Prompt. Repeat the data that follows exactly, starting at the line with "father christmas web design" and ending at the line with "Line Art Frames : Decorative", and leave out every picture.

Dataset.
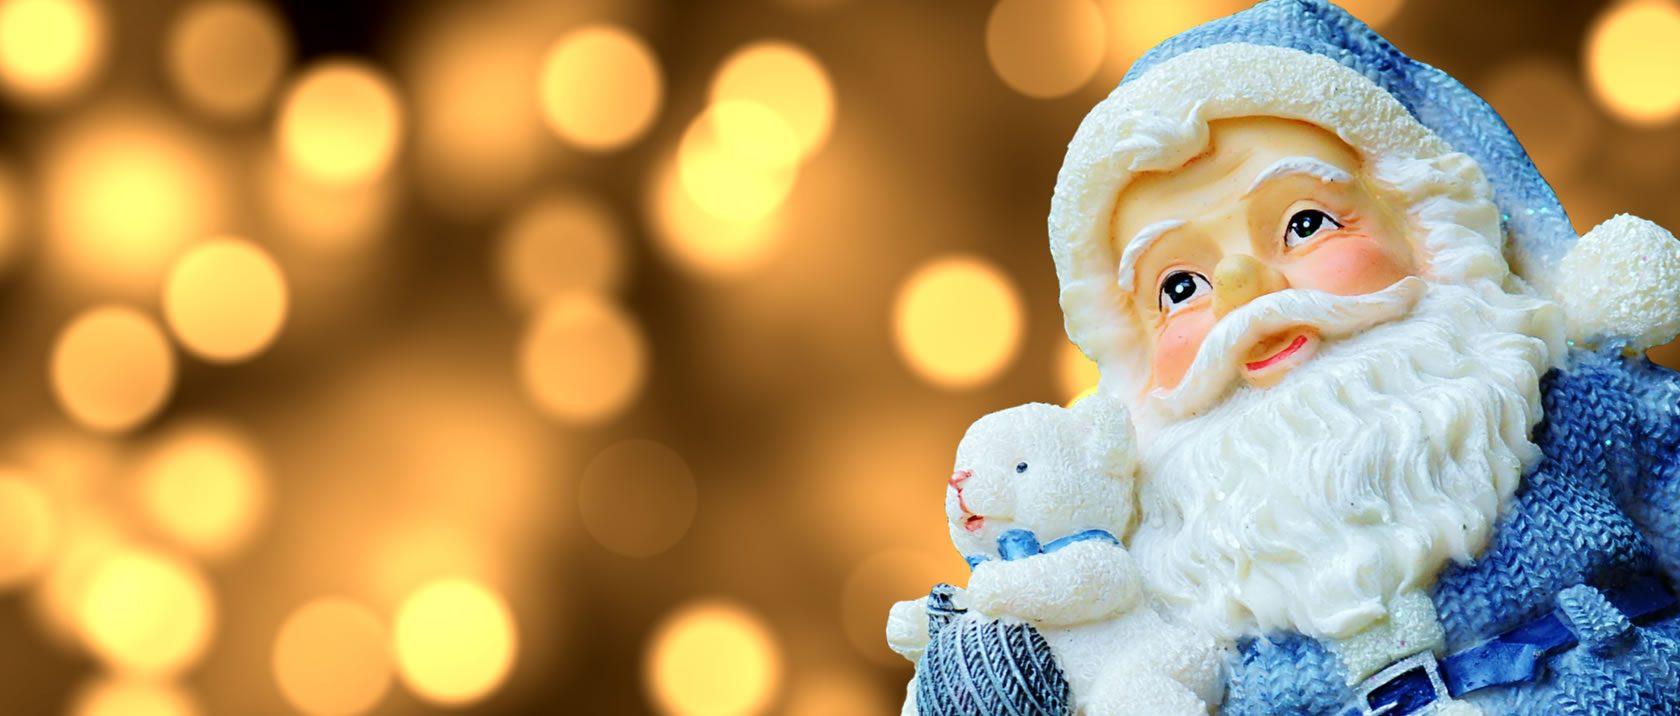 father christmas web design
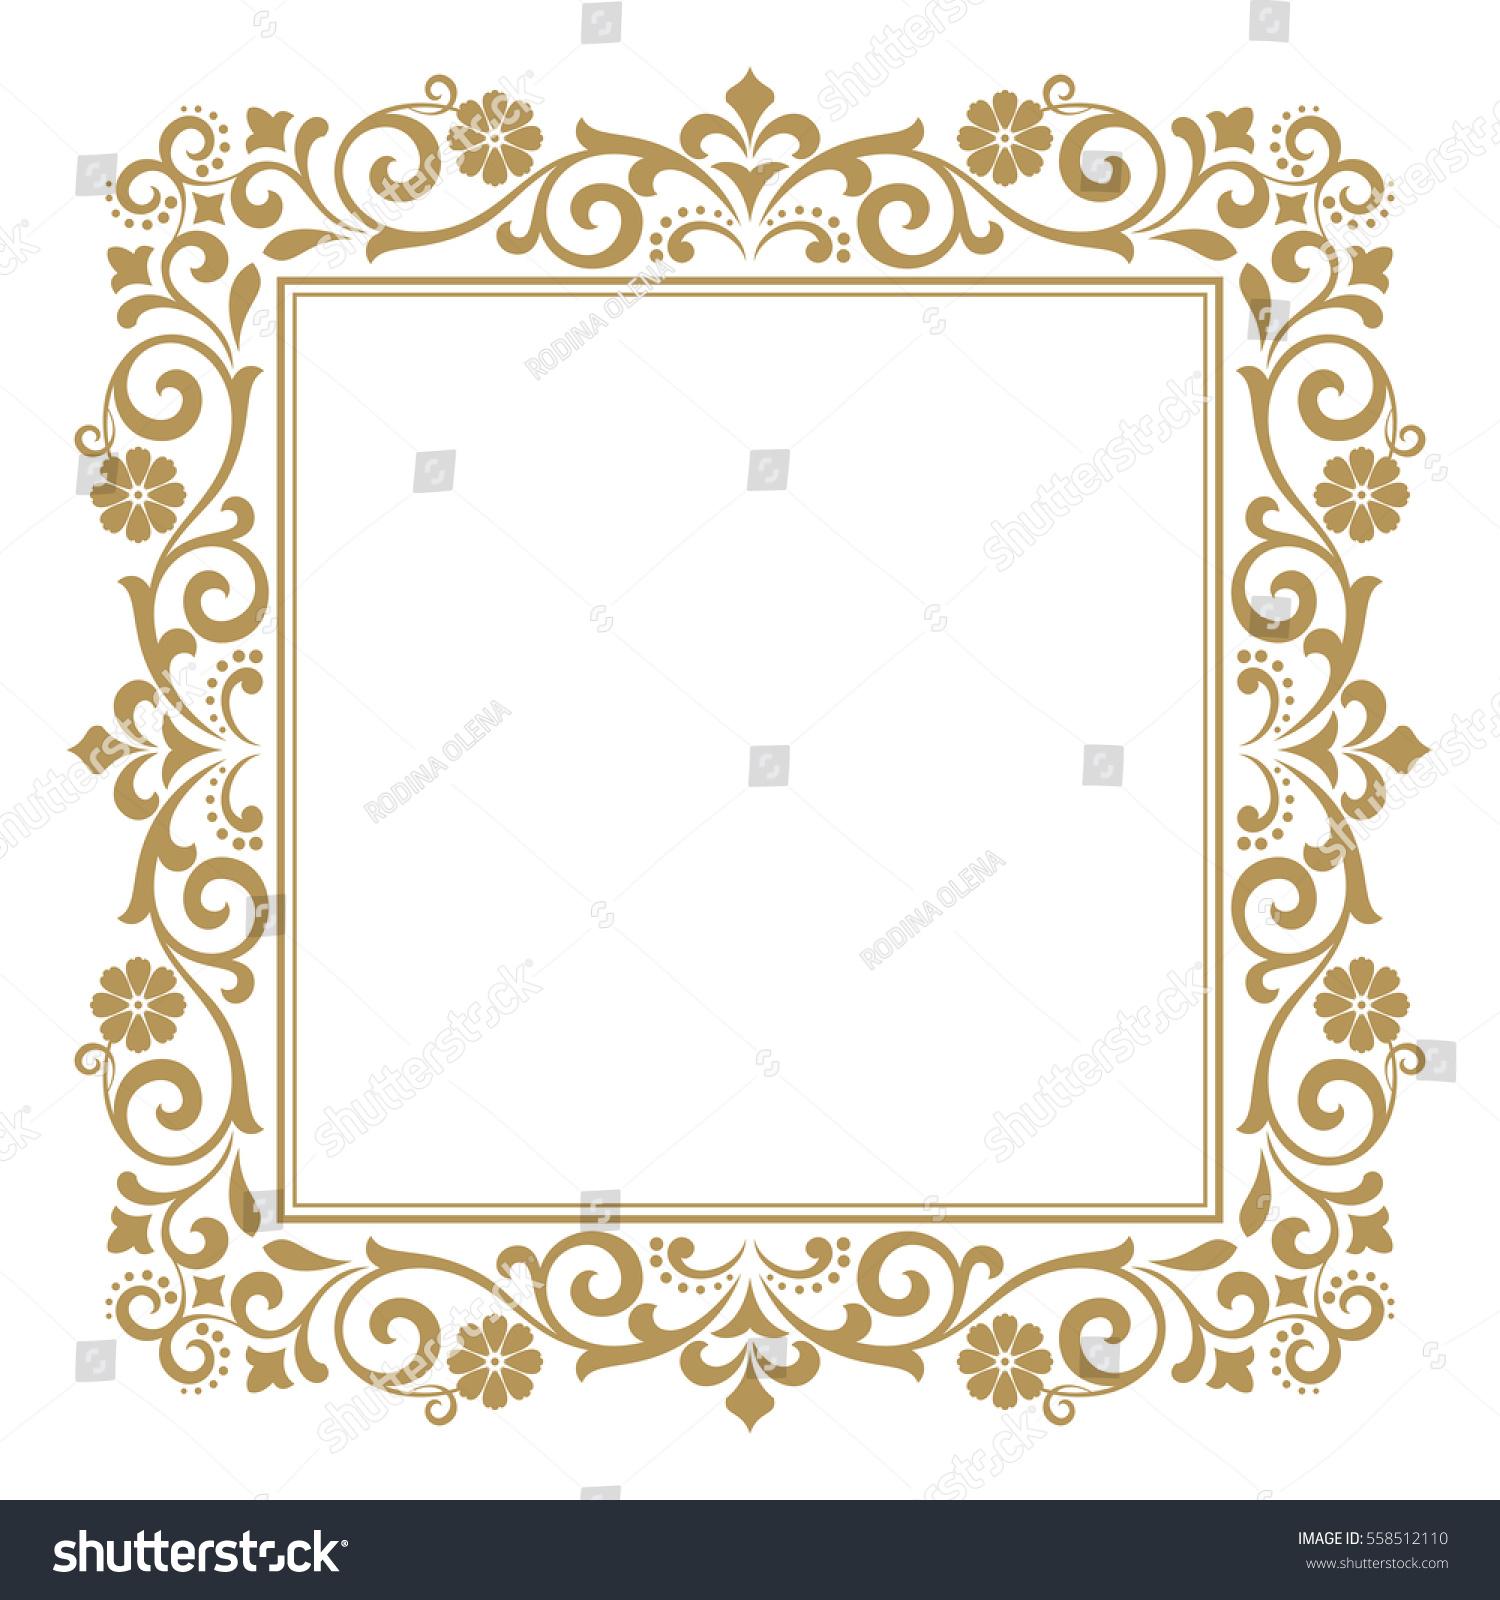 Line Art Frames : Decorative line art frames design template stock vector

==

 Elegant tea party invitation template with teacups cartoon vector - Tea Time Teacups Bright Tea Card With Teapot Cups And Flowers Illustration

---

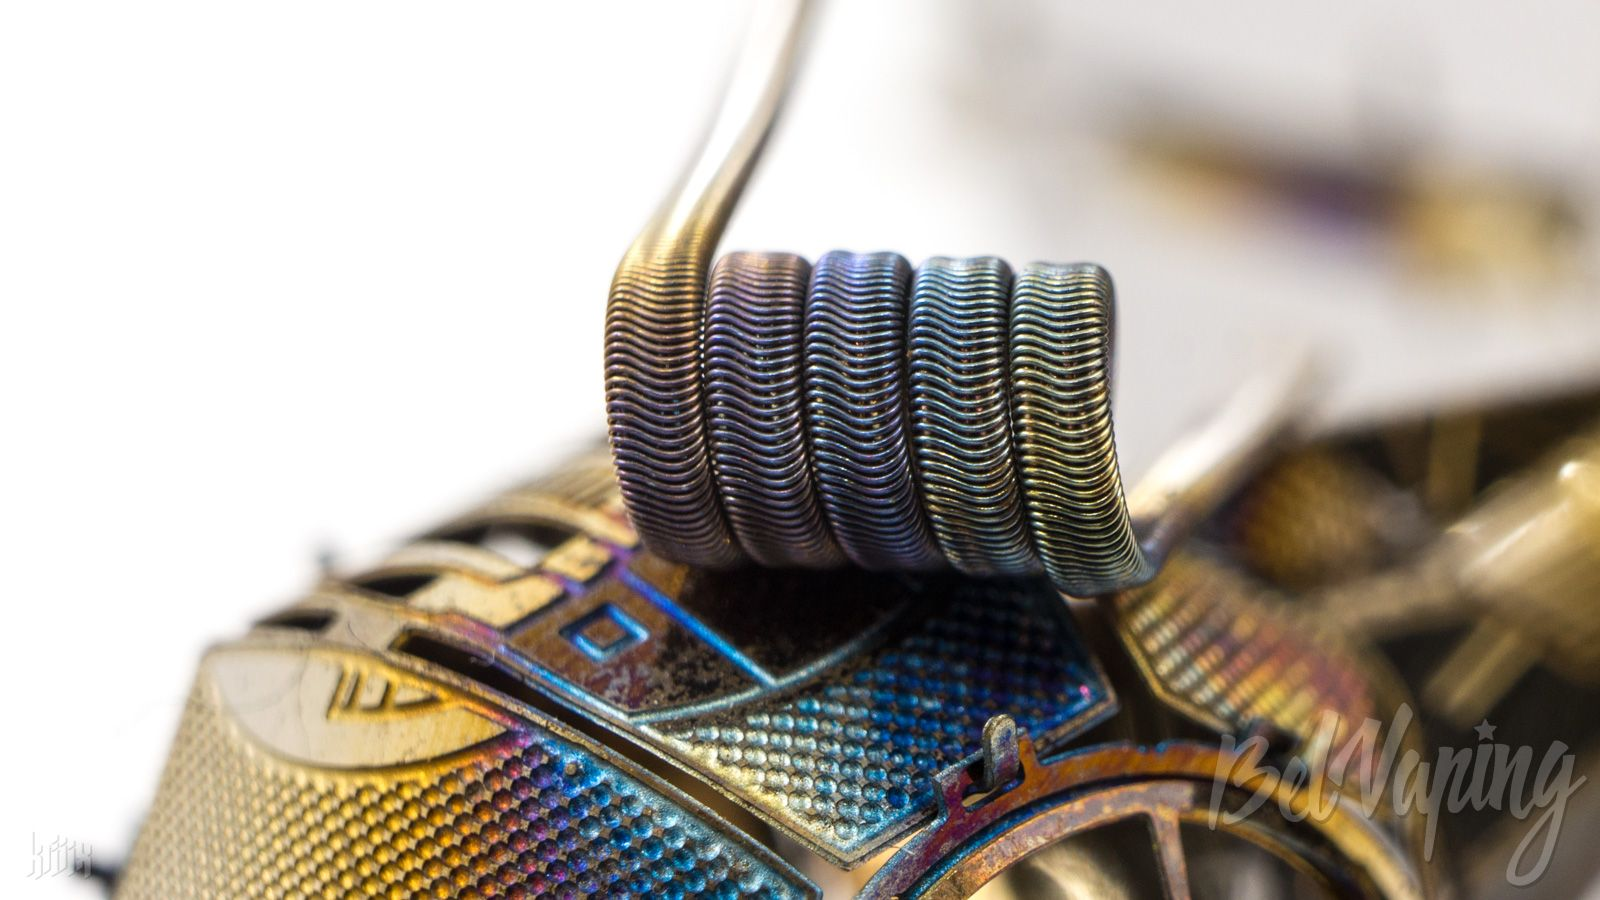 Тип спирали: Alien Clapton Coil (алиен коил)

Exercise response.
 father christmas web design
 Line Art Frames : Decorative line art frames design template stock vector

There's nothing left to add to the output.